Everything in the listing below from the line containing "سرویس HBO Max چیست" through the line containing "09898 / ⭐ TOUL" must be repeated exactly; the remaining lines are not wanted.

PROVIDED MATERIAL:

——————

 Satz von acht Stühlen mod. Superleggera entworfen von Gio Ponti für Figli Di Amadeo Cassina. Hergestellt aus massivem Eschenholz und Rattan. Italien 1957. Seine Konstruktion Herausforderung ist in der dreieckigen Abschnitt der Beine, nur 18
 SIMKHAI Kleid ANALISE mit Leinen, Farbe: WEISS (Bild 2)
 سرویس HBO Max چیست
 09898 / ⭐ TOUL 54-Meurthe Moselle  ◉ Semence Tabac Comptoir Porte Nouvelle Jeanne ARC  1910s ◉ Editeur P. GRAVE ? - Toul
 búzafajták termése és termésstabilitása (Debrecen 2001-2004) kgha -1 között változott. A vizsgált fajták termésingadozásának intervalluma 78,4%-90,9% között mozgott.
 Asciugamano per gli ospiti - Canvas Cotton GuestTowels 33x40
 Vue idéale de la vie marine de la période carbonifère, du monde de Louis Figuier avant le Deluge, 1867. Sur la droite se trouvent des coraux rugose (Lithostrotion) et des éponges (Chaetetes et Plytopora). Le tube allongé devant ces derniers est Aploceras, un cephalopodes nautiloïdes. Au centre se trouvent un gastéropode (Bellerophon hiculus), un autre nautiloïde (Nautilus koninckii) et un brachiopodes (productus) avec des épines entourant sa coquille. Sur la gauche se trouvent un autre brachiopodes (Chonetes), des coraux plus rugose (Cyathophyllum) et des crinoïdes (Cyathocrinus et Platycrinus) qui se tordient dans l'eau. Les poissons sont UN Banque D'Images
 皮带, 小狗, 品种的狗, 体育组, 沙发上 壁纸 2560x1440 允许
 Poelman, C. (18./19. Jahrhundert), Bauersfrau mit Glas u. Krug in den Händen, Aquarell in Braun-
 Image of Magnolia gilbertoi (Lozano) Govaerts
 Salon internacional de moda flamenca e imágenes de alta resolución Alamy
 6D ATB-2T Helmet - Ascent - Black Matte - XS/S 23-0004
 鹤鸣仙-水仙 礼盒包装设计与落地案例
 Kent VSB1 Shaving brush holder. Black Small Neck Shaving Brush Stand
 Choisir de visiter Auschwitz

——————

SOLUTION BELOW:
 سرویس HBO Max چیست
 09898 / ⭐ TOUL 54-Meurthe Moselle  ◉ Semence Tabac Comptoir Porte Nouvelle Jeanne ARC  1910s ◉ Editeur P. GRAVE ? - Toul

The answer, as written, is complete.